As was my custom, I woke up late, grabbed a hurried coffee and rushed off to class only to find that my prof was sick and had cancelled the early class. I was both mad and happy. Mad because I had to get up and get ready for nothing, but happy because I got to head back to bed.

I laid down and was just about back to sleep when an abrupt knock at the door woke me out of my slumber. As the Resident Assistant at Liberty University, a guy on my hall turned to me for counsel on what he saw on the TV.

"A plane hit the WTC!!"

I was like "not a chance, you had to have  bad dream!"

"No come and see!"

We rushed to the end of the hall where he had his TV tuned in to the News that was keeping a live feed on the tower. We sat there in utter disbelief as we saw the second plane hit.
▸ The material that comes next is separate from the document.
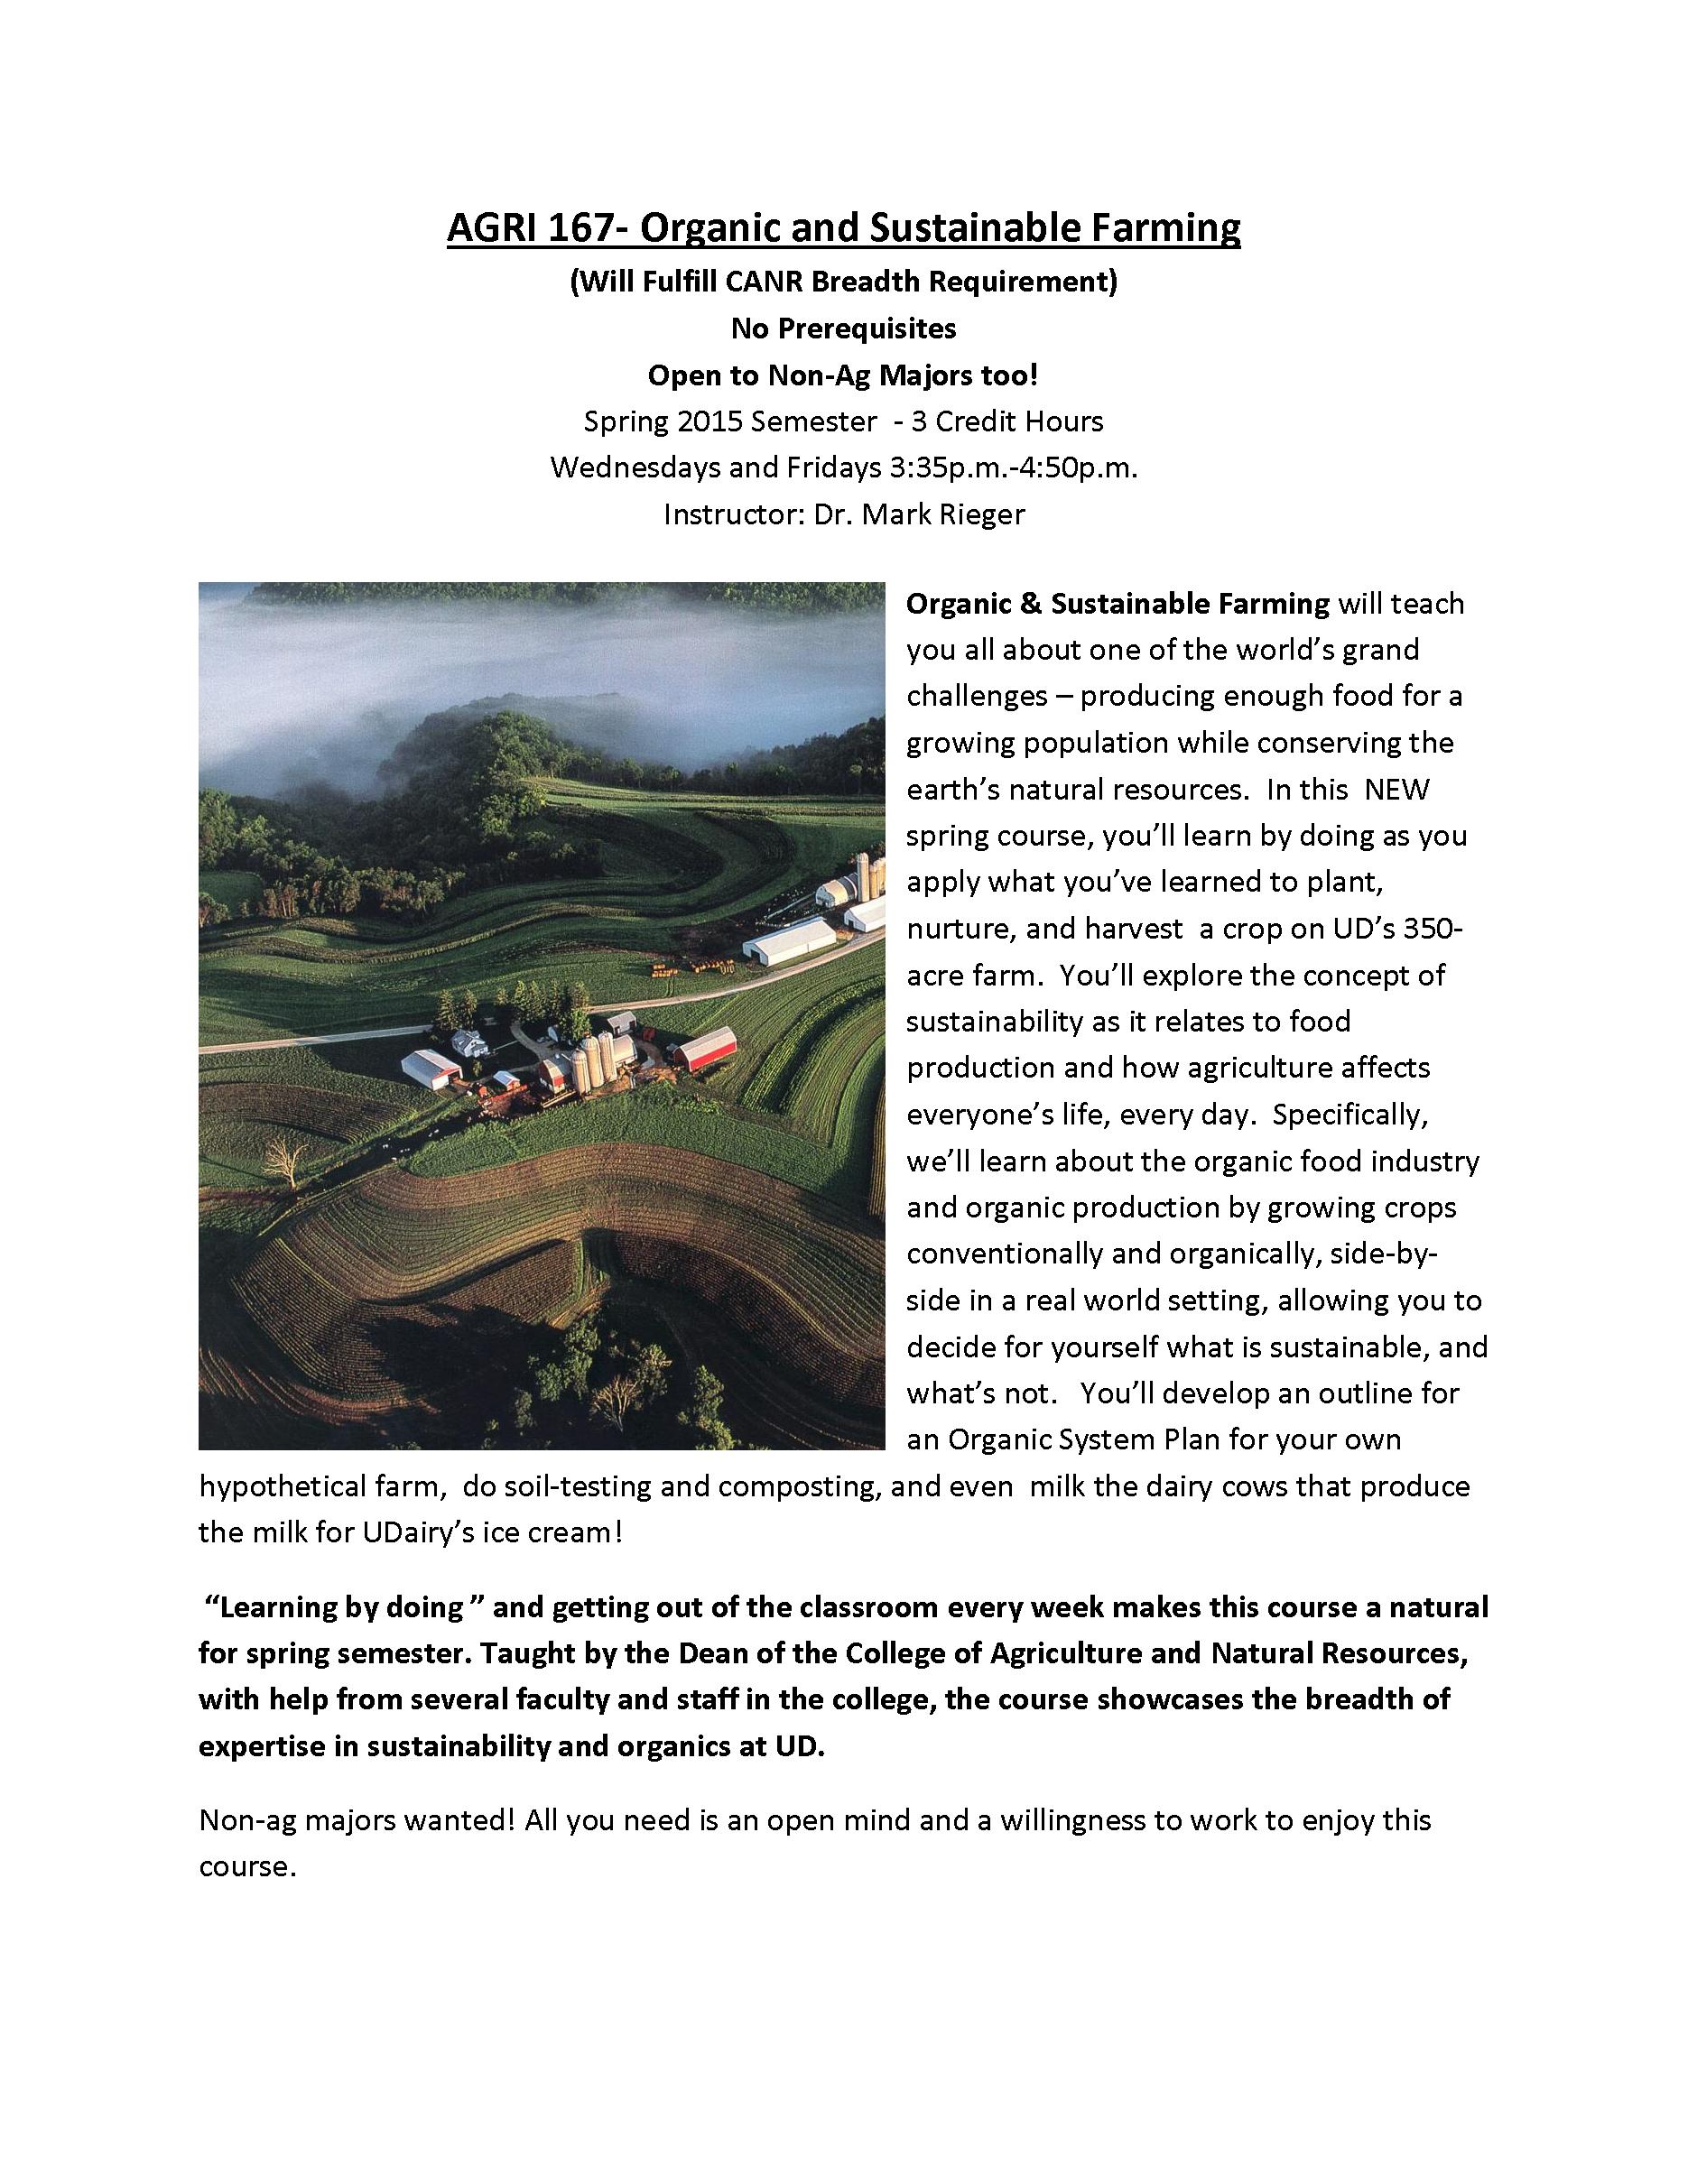 Organic Spring Course 2015
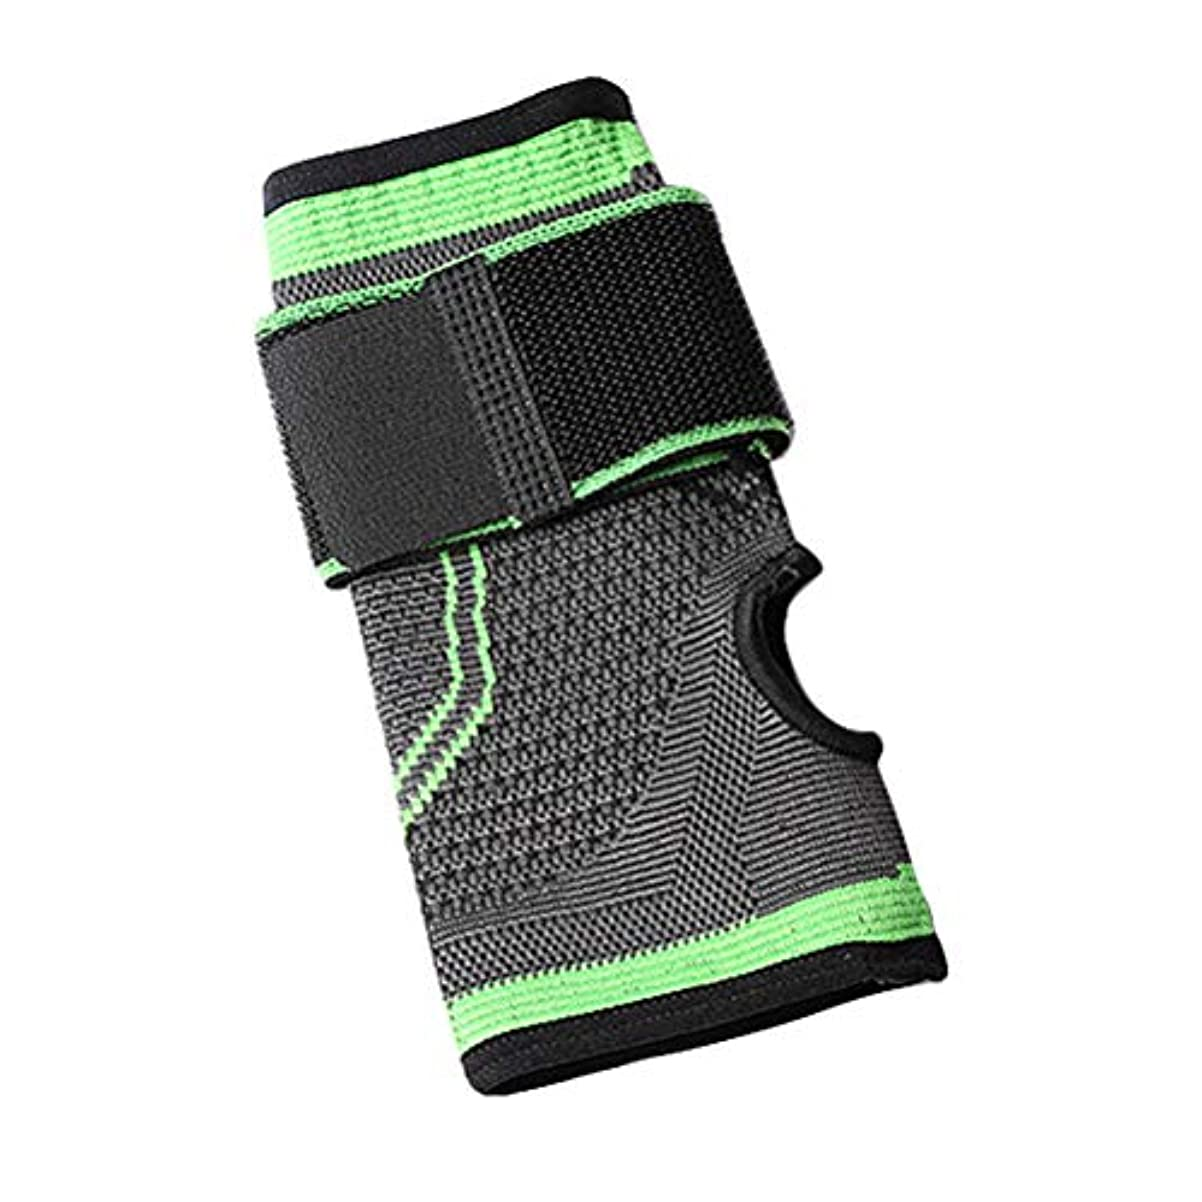 染色装備する酸っぱいHeallily 重量挙げのクロスプルアップサイズMのための手首ブレースサポート副木

It was surreal.  America under attack?! Unbelievable and yet undeniable. That’s where I was on September 11, 2001.

I remember the unity and patriotism that followed. I remember the images of the buildings collapsing, the heroic NYPD and NYFD rushing toward the falling buildings. The stories of rescue and loss are as vivid today as they were 12 years ago.

In that time, America had remembered how to put politics aside, how to come together on what we had in common, and unite. This event has forever changed the culture of America. We who once felt invincible and invulnerable were faced with fear. Nothing can be more unsettling then the awareness of fragility.

Prosperity and safety is a distraction from the reality of evil. We hold fast to our finances, our jobs, our cities and look to them for meaning. We become dulled to the inner most cry of our heart that we are in desperate need of more. God “has put eternity into man's heart” and we fill that void with our own wisdom, wealth and thoughts of safety.  But what happens when our false foundation is shaken? Where do we turn?



One of the most profound images that is still burned into my mind is the cross among the rubble of the WTC. In the midst of chaos, destruction and uncertainty was a stark reminder of hope! This life is not the end, just the beginning. God had made provisions for us long before the foundations of this temporary world was established.

Throughout history, as calamity upon calamity happened, God always gave a sign that He was there and He was in control. Turn to Him and find your hope, not just immediately but for all eternity.

I think of the fall of Adam and Eve where God’s sign was the promise of a descendant who would crush the head of the serpent.

I think of the poison in the wilderness, where the people only had to look at the bronze snake on the pole to be saved.

I think of the conquest of Rome and the Son of God lifted up on the cross! Only three days later to conquer sin and death!

It is this truth that brings hope at the image of the cross amongst the rubble. It is in this imagery, that our broken and desperate lives can be healed because of a resurrected Lord!

To honor those fallen 9/11/2001, don’t turn your hope to America, to wealth, or to safety. Turn to Jesus, trust the one who gave it all that we might live. Allow the image of the cross to draw you into a relationship with a loving God who gives signs of who He is and has revealed Himself in the pages of the Bible. This is where true peace, security and hope come from.

As we say weekly in youth group: “Life with Jesus starts now and lasts forever!”